82. My sweet hubby

6.2K 249 9
                                    

Berita kehamilannya menjadi kegemparan yang tak terduga di keluarga Fathir, Riska dalam semalam langsung menjadi putri idaman semua orang, ia dilayani bak ratu kerajaan, semua keperluan dari ujung kepala sampai kaki tinggal menjentikkan jari. Riska justru semakin stress dengan perhatian berlebihan ini. Maka atas permintaan Fathir, mereka kembali bersikap normal seperti Riska awal tinggal di rumah itu.

Malam itu Riska merasa jenuh di rumah ia memaksa ikut Fathir yang bertandang ke club Orion, meski diawali dengan perdebatan sengit karena kondisi kehamilannya dan kecerobohannya yang siapa tahu tiba-tiba minum alkohol di sana. 

"Gue cuma mau ketemu orang bentar. Nggak sampe tengah malem juga pulang." Fathir menarik lengan kemejanya sesiku sembari mematut diri sekilas di cermin.

"Pokoknya gue ikut. Gue kan nggak tau lu ketemuan sama cewek apa kagak, apalagi di club." Riska mencebikkan bibir.

"Yaudah." Fathir akhirnya menyerah semberi memeluknya dari belakang.

"Sayang ntar pulangnya beli martabak manis ya?" Riska menoleh lalu menarik lengan suaminya.

"Iya. Baby maunya martabak ya?" Fathir berbalik dan mengusap-usap perut Riska yang sudah sedikit membuncit.

"Mau, gue taruh kulkas. Dimakan besoknya."

"Ada-ada aja ibu hamil." Fathir mencubit hidungnya dengan gemas lalu memeluknya kembali dengan erat.

"Yang. Ah lepasin, jangan kenceng-kenceng. Nggak bisa napas."

"Sorry. Cium dulu dong sayang." Fathir merengkuh lehernya dan mereka pun berciuman mesra. Meski tak bisa berakhir di atas ranjang, ini sudah sangat bagus karena saat ingin menuntaskan hasratnya ia harus melakukannya sendiri di kamar mandi, ia juga tak ingin membiarkan Riska membantunya. Tidak tega, meski Riska memaksa.

"Ris, lu sebenernya tahan nggak sih nggak making love lama?"

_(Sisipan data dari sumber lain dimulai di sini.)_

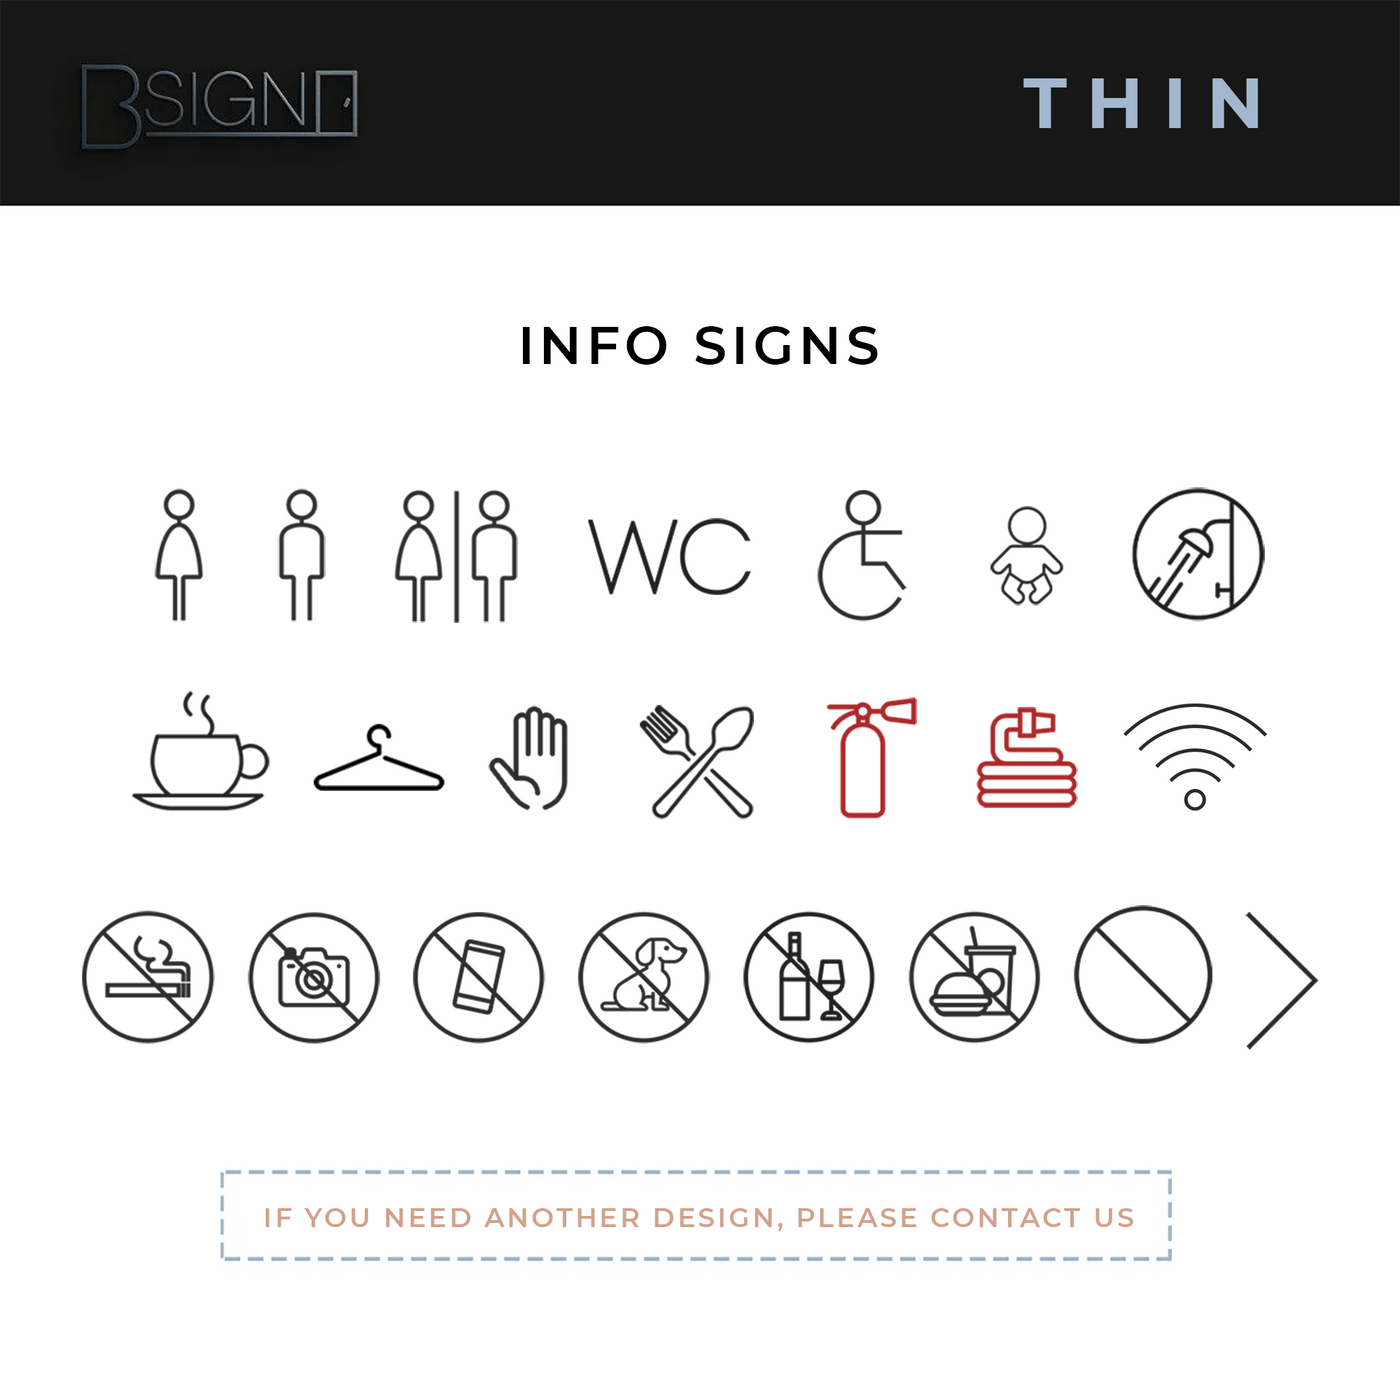 Men's Restroom Sign: Acrylic Sign — "Thin" Design

"Apaan sih." Riska menepuk bahunya.

"Gue serius."

"Mau gimana lagi, perut juga makin gede."

"Tapi kata dokter, masih boleh. Gimana kalo ntar pulang nyoba dikit ya?"

"Liat ntar deh."

"Kok gitu sih."

Tapi Riska tak menggubris, ia berjalan keluar kamar lebih dulu meninggalkan Fathir dengan muka penuh harap.

Sesampainya di club Riska digiring ke ruangan khusus yang lebih sehat udaranya. Meski Fathir terlihat menahan kesal, pria itu menurutinya sesaat ketika Riska ingin memesan es lemon tea di meja bar.

"Nggak usah minum es teh," cegah Fathir kemudian. "Ji kasih bini gue air botol mineral ajah." 

Aji mengangguk lalu melesat ke dalam.

Fathir juga jadi ikut-ikutan over protektive dalam segala hal. Riska memilih menurut saja. 
"Habis ini balik ke ruangan itu ya." tunjuk Fathir ke sebuah pintu kamuflase di sebelah ruangan VIP yang dulu menjadi saksi kebrutalan Roni dan kawan-kawannya. 

Riska menggeleng ragu.

"Biar Septi yang temenin. Nanti gu--" kalimatnya terputus dengan getaran ponsel di saku celananya. Fathir membaca sekilas pesan yang masuk di layarnya. "Nurut ya," ucap Fathir lalu berbalik menemui seseorang yang sepertinya mengirim pesan tersebut.

Riska masih duduk di sana, ia sama sekali tak ingin mengunci diri di ruangan tersebut. Aji membawa sebotol ai mineral dan sedotan. Riska langsung membuka tutup dan meminumnya.

"Sudah berapa bulan Mbak?" tanya Aji tiba-tiba.

Riska langsung tersedak ditengah-tengah sruputannya. Ia terbatuk sesaat dan untungnya langsung kembali normal napasnya. Raut Aji terlihat bersalah, tak henti-hentinya ia meminta maaf. Apa berita kehamilannya sebegitu hebohnya? Sampai karyawan Fathir juga tahu, jangan-jangan seluruh rekannya di Startex juga tahu?